Maßlos enttäuscht, blieb ich in meinem Sessel sitzen und bedauerte ausgiebig meine schwindenden Sinne und meine Einsamkeit! Die ganze Bitterkeit von gestern Abend steigt wie harte Bänder in mir hoch, die mich umschlingen und weiter einengen.

Ich sehe mich, wie ich in meinem Sessel saß und mit den Tränen kämpfte, bevor ich gleich richtig zu weinen anfing. Und das wollte ich nicht, denn nach meinen vergangenen Erfahrungen würde es Tage dauern, bis ich aus meinem Bedauern herausfand. Mich endlich wieder dazu aufraffen könnte, um wieder einigermaßen normal zu leben und die Kraft für andere Dinge aufzubringen.

Also zwang ich mich gestern Abend dazu, sofort diese dunklen Gedanken zu verbannen und überlegte mir stattdessen, die Nacht gleich hier in meinem Lehnstuhl zu verbringen. Es wäre ja nicht das erste Mal gewesen. Schon allein der Gedanke daran, mich mühsam aus dem tiefen Sessel zu winden, um mich auf die dicken, mit Wasser gefüllten Beine zu stellen, raubte mir gleich die letzte Kraft!

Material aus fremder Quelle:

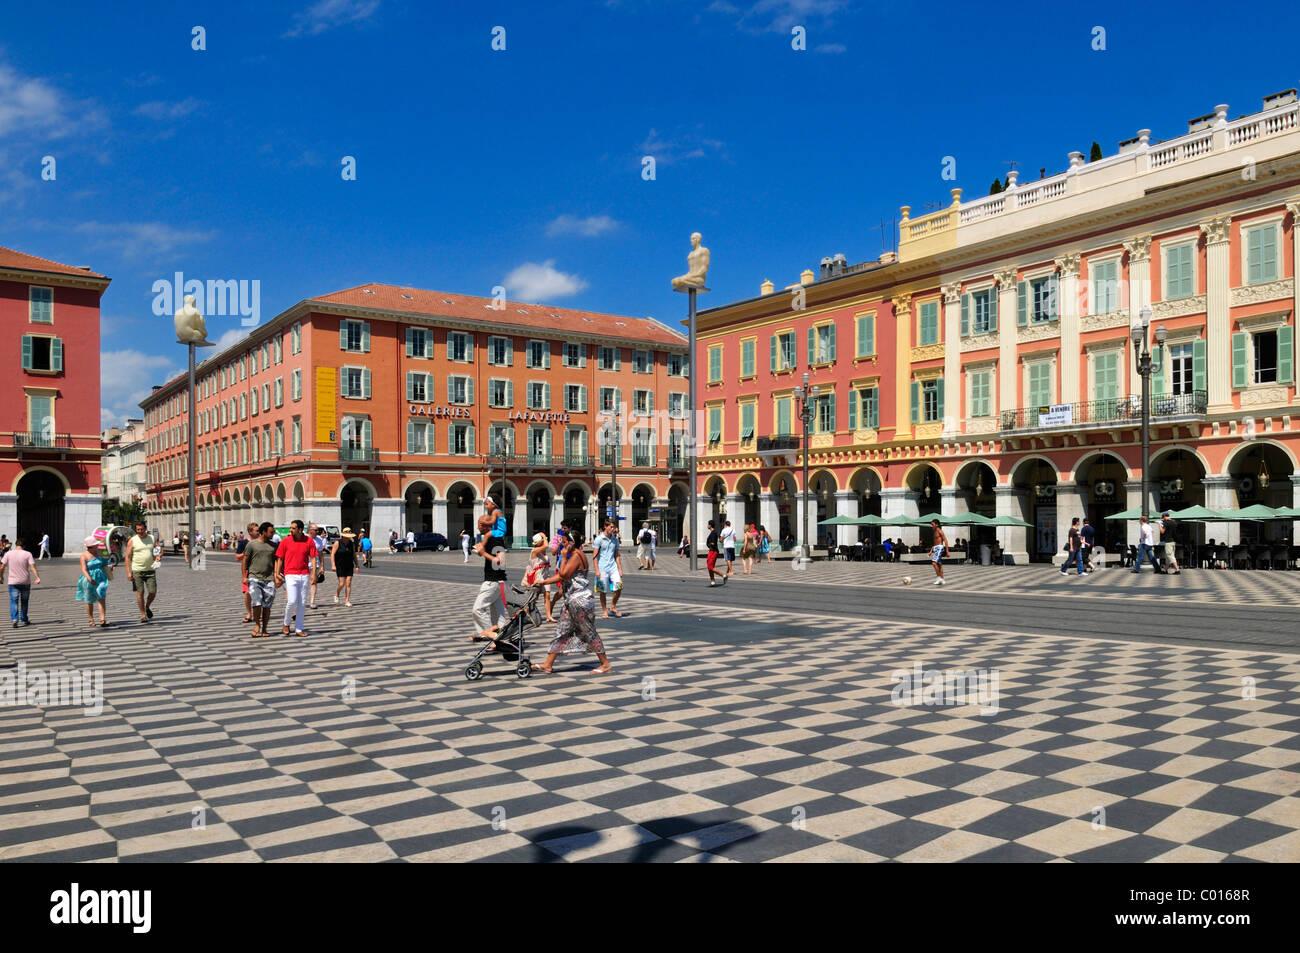 Place Massena, Nice, Nizza, Cote d'Azur, Alpes Maritimes, Provence, France, Europe - Stock Image
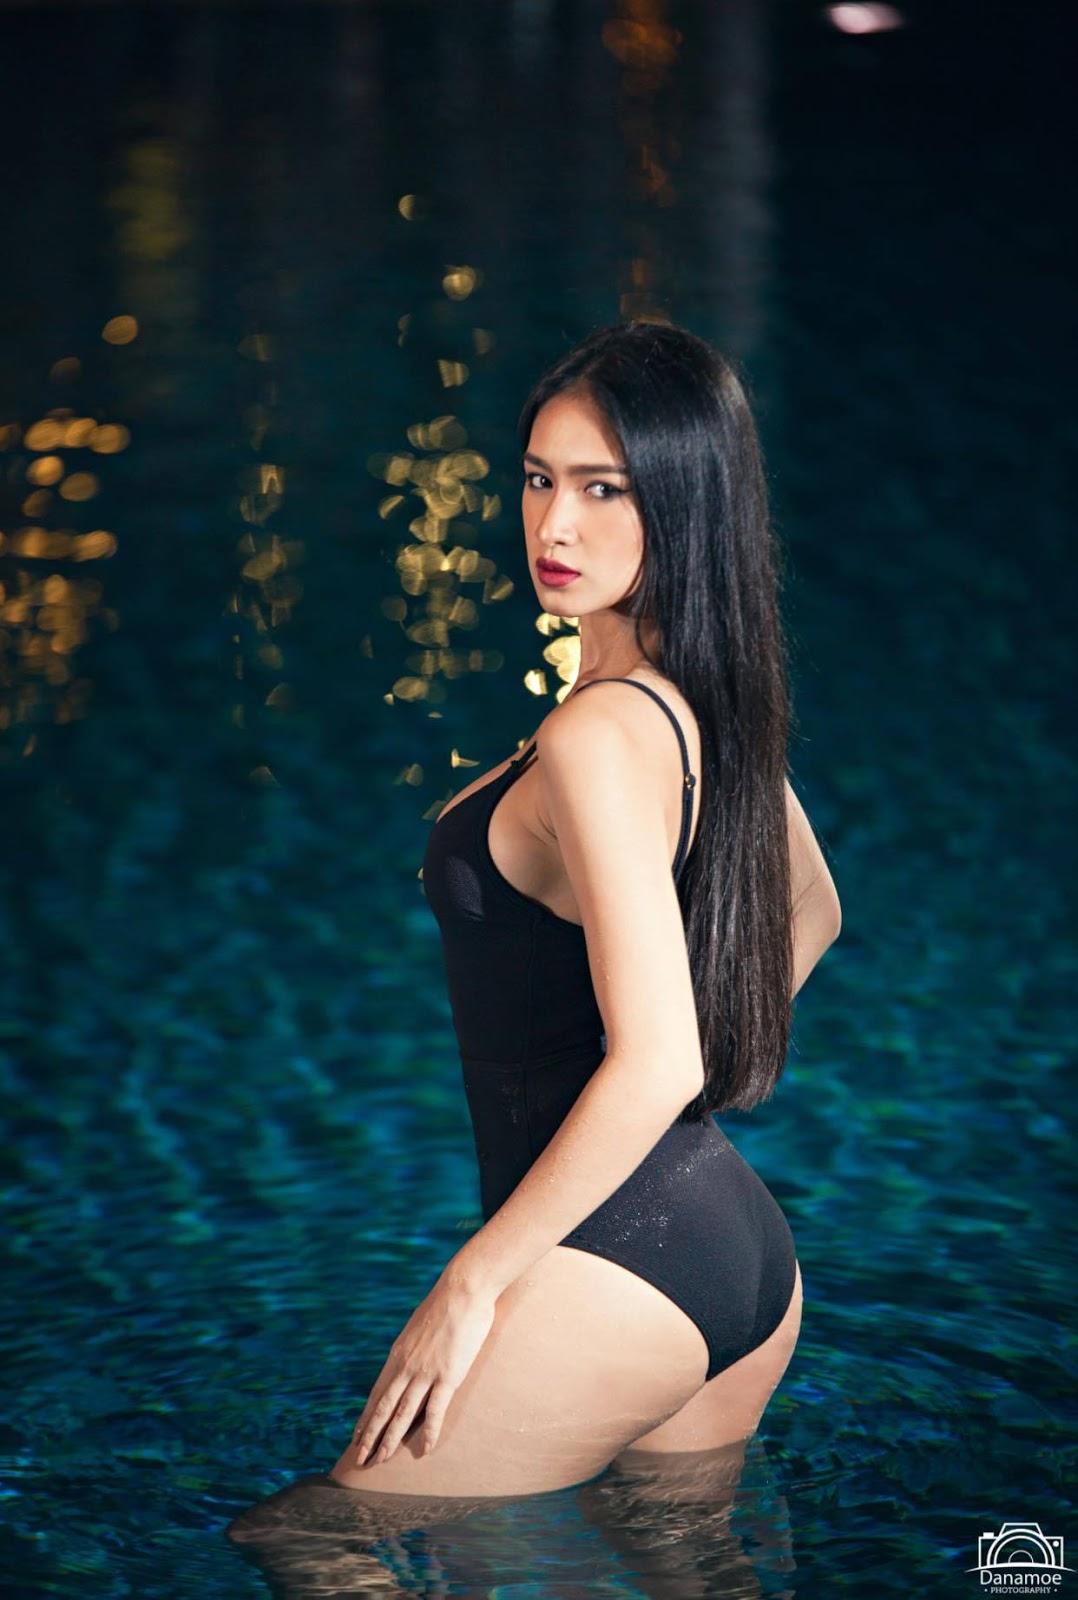 Miss Grand Myanmar 2017 : Shwe Eain Si Swim Suit Fashion Photoshoot

Mit dem Älterwerden verringerten sich meine Sinneskräfte ebenso wie die Muskelkraft. Wo sich früher an meinen Oberarmen noch gut ausgebildete Muskeln befanden, gibt es heute nur noch Haut, ein wenig Fleisch daran und dann kommt schon der Knochen. Habe dies beim Arzt schon oft zu spüren bekommen, wenn mir die Arzthelferin die monatlichen Vitamine in den Oberarm spritzte. So spürte ich, wenn sie den Knochen getroffen hatte, weil einfach fast kein Muskel mehr vorhanden war.

Zu Hause fehlt mir die Kraft, um meinen kleinen Haushalt sauber zu halten. Dauernd muss ich mich dann setzen, um mich auszuruhen. Manchmal dauert es Tage, bis ich mich wieder kräftig genug fühle, um den Abwasch zu erledigen. Wenn sich dann noch ein solch emotionaler Fernsehabend, wie gestern Abend einreiht, wird es noch schwieriger, mich hochzuschwingen.

Falls ich mich jeweils entscheide, im Lehnstuhl sitzen zu bleiben um darin zu nächtigen, versorgt mich die selbst gestrickte, wollene Decke mit behaglicher Wärme. So schlafe ich dann gewöhnlich ein paar Stunden und manchmal sogar bis am nächsten Morgen durch. Derartige Nächte, die ich im Lehnstuhl verbringe, sind nicht gerade von Vorteil für den nächsten Tag. Denn mein Kopf neigt sich beim Schlafen zur Seite oder nach vorne und kein Kissen vermag es, mir den Kopf genügend zu stützen, während ich schlafe. Eine solch unnatürliche Stellung des Kopfes verschafft mir am nächsten Tag eine schlimme Halskehre. Eine weitere Unannehmlichkeit sind meine geschwollenen Beine. Die fühlen sich dann an, als würden sie gleich platzen.